The Habit Society

⚡️ I challenge you

To: Society Members

Good Morning!

Anyone else smell spring in the air? April’s the month of fools and fresh starts. So, we decided to fool fuel your fresh start with a challenge starting today. We’ve teamed up with one of our members, Rachel, to give you a month-long health challenge. If you’re joining, tag us on Instagram (@thehabitsociety) with a shot of you in action. Throughout the month, we’ll be spoiling the participants with giveaways. See ya!

– Ashley, Co-Founder


I Challenge You

Who’s up for a challenge? Typically, The Habit Society doesn’t condone your average Fit Fab February Fitness challenge, or whatever clever name our favorite influencers come up with. There are so many challenges on Instagram that the biggest challenge is to keep track of them all. But, here at THS, we like to explore ideas that have worked well for people, even the not-so-traditional ones. Since Joe Rogan has a pretty successful Sober October challenge every year, we thought we’d give these ‘challenge’ things a try.

Here we go.

Yes, typically we recommend starting a new habit slowly and incrementally. But, there actually can be some advantages to going all out for a predetermined amount of time. Keyword: “predetermined”. By having a planned end date, the end is in sight and you can wrap your head around the fact that this more extreme routine is just temporary.

Sup Instagram

Fun fact: A 2018 study found that digital support systems can actually be very helpful when establishing new, intense habits.

Let’s Talk Benefits
30-day Challenge

What Challenges Can Do For You…

1. They can show you how much you’re actually capable of, which is a lot more than you think. Competitions, especially, can push you beyond your (self-imposed) limits. Back to Joe Rogan’s Sober October: Joe got together with 3 comedian friends in 2017. The bet included a 30-day sobriety challenge, coupled with 15 intense gym classes. The next year, they took it even farther and competed to see who could work out the most.

Warning: These stunts are performed by trained professionals, don’t try this at home.

Let’s just say this: they all got in incredible shape.

2. You can take what you want from the challenge and implement certain pieces into your routine. Maybe you loved the meditation but didn’t care for the stretching, so you can drop the toe-touching and carry on keeping calm. If you were carving out 20 minutes a day to meditate as part of the challenge, putting aside 10 minutes may now feel like a breeze.

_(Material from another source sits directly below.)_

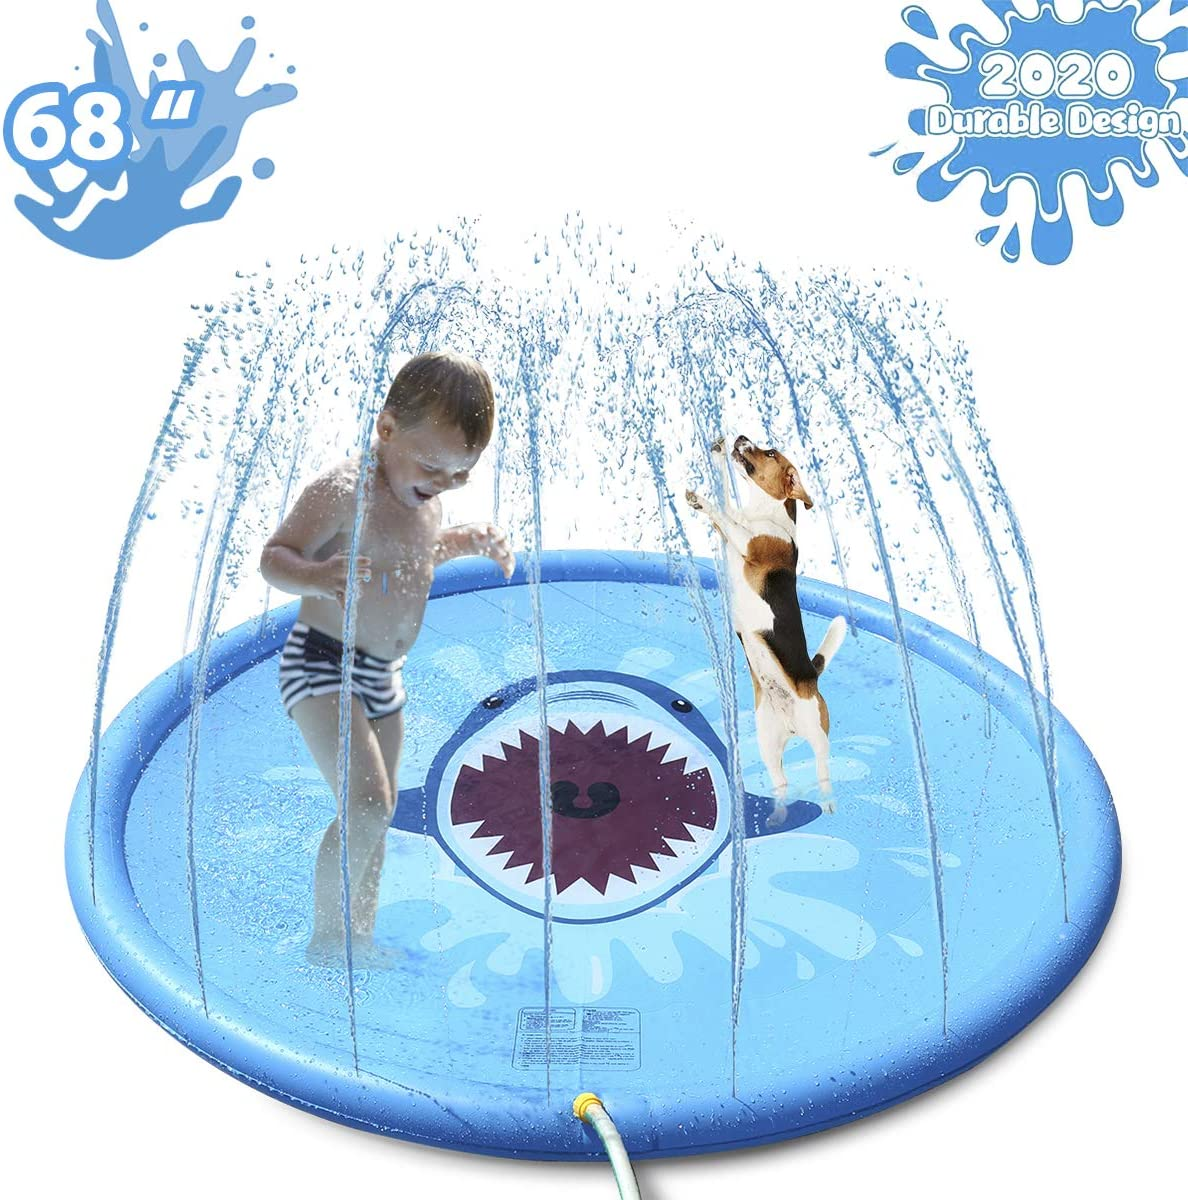 "HALOFUN 2020 New Shark Sprinkler Mat for Kids, 68"" Shark Sprinkler & Splash Plat Mat for Kids Outdoor Water Toy Splash Pad"

3. They prove to our mind and body how great it can feel to make changes. Achieving these successes gives you the momentum to keep going.

Let’s Be Clear…

Doing a 30-day challenge isn’t a guarantee that this new behaviour will become part of your daily routine for the rest of your life. The original plan was to stop after the week, month, or however long you set out to do. So, when you do stop, make sure not to look at it as a failure. Take what you can from it.

There is just too much conflicting research on how long it actually takes to completely change or ingrain a new behaviour (trust us, we looked). So, we’ve come to the conclusion that it depends on the person, the circumstances, the activity, and a bunch of other external factors. A 2010 study found that the length of time it takes for a new behaviour to become automatic varies from 18 days to 254 days. Case in point.

The Sweet Spot
Sweet Spot

30 days for a challenge is the sweet spot. It’s short enough so that it’s not overwhelming but long enough that enough neurons will fire up to make changes. Any longer and the nuisances of life will surely get in the way. For example, if your challenge lasted a year, it would be too easy to say, ah it’s okay if I messed up January and February, I still have 10 more months.

To end, here are a few reasons why a lot of people do fail at challenges that are important to keep in mind:

1. It’s too difficult or unpleasant. You resist the habit so much because it’s a 180 from where you started. Start somewhere closer to where you are now.

2. It’s too complicated; there are too many steps to follow.

3. It doesn’t create lasting results. Usually, problems #1 and #2 lead to not at least partially incorporating the habit into your routine after the challenge is over.

When starting a new challenge that you hope to actually enjoy and take something from, make sure it’s the right level of difficulty and simplicity to increase your odds of success.

Below you’ll see our challenge calendar. Save and print it so you can cross off each day as you go!

Challenge Calendar

Some other challenges the THS team has come up with:

No-reply July: No cell phone for one whole month.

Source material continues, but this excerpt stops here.